+++ PROVIDED MATERIAL

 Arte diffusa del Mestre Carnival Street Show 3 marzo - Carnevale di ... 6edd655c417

++++++
+++ PROVIDED MATERIAL

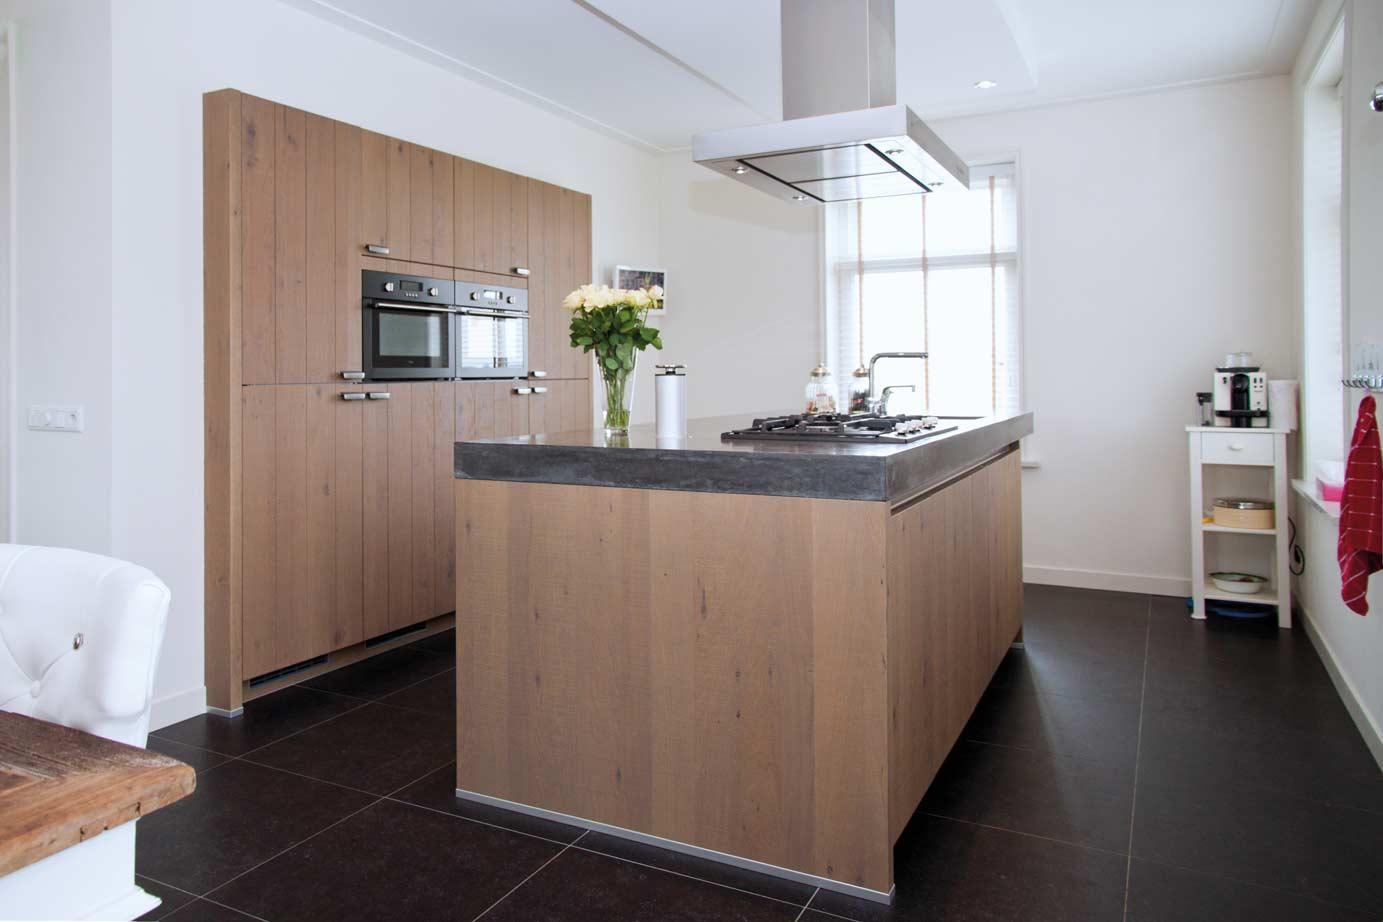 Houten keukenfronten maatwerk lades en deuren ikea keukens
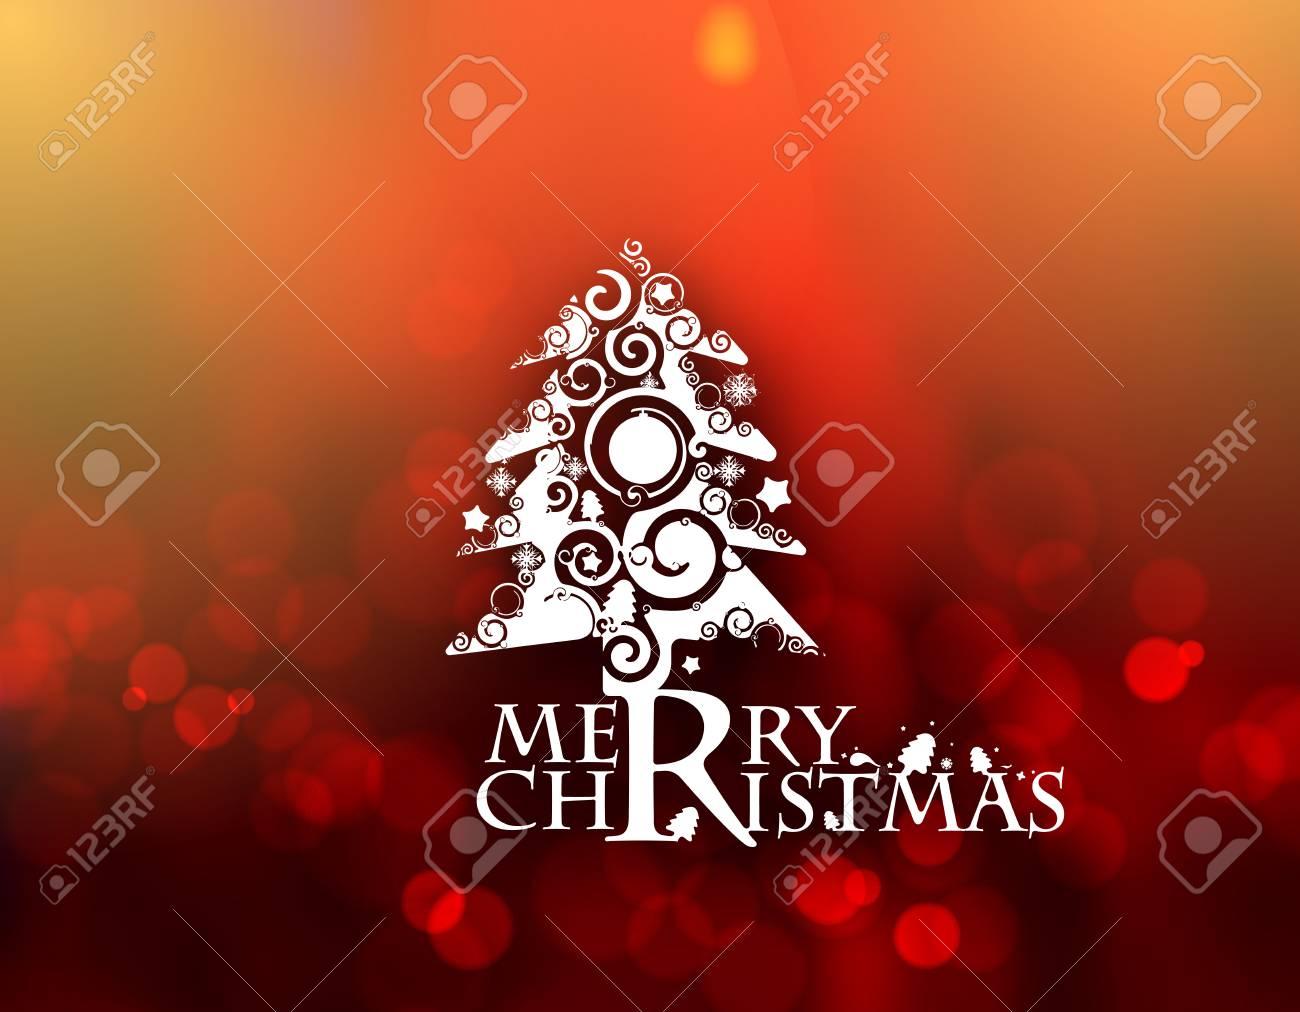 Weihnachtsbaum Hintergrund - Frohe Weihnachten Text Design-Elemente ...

++++++
+++ PROVIDED MATERIAL

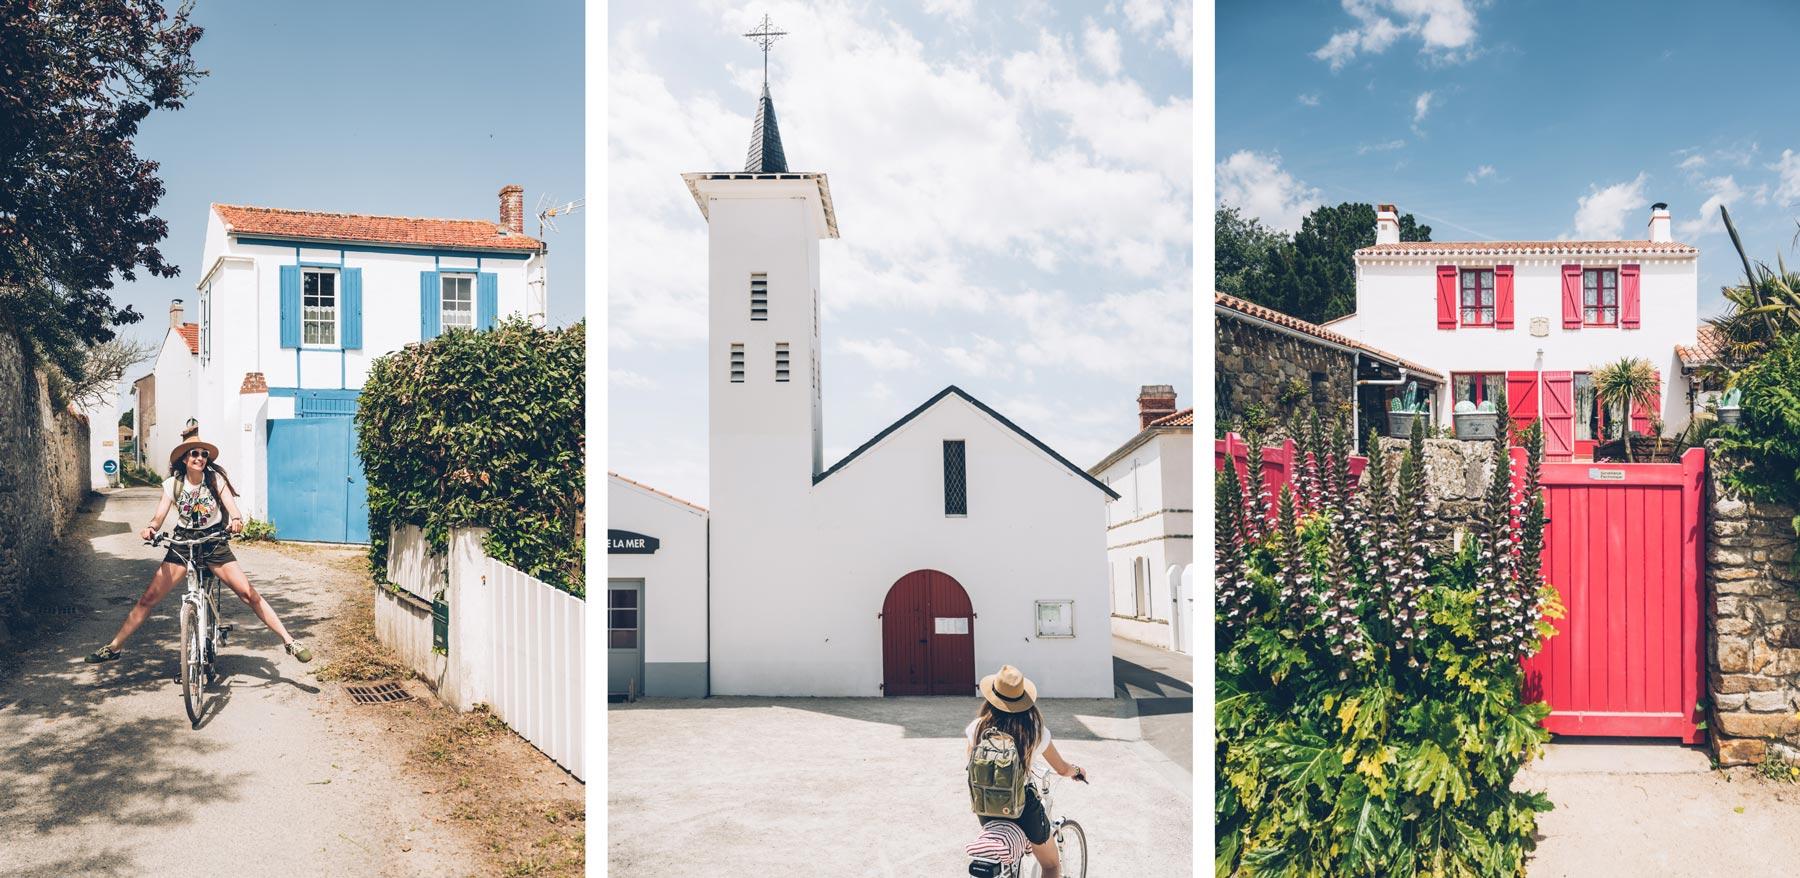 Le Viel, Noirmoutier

++++++

- [TASK REQUIREMENTS] Quote the data above exactly from the line with "Houten keukenfronten maatwerk" to the line with "Weihnachtsbaum Hintergrund - Frohe", both ends counted, and nothing else. Pictures don't go in.

- [SOLVED EXERCISE]
 Houten keukenfronten maatwerk lades en deuren ikea keukens
 Weihnachtsbaum Hintergrund - Frohe Weihnachten Text Design-Elemente ...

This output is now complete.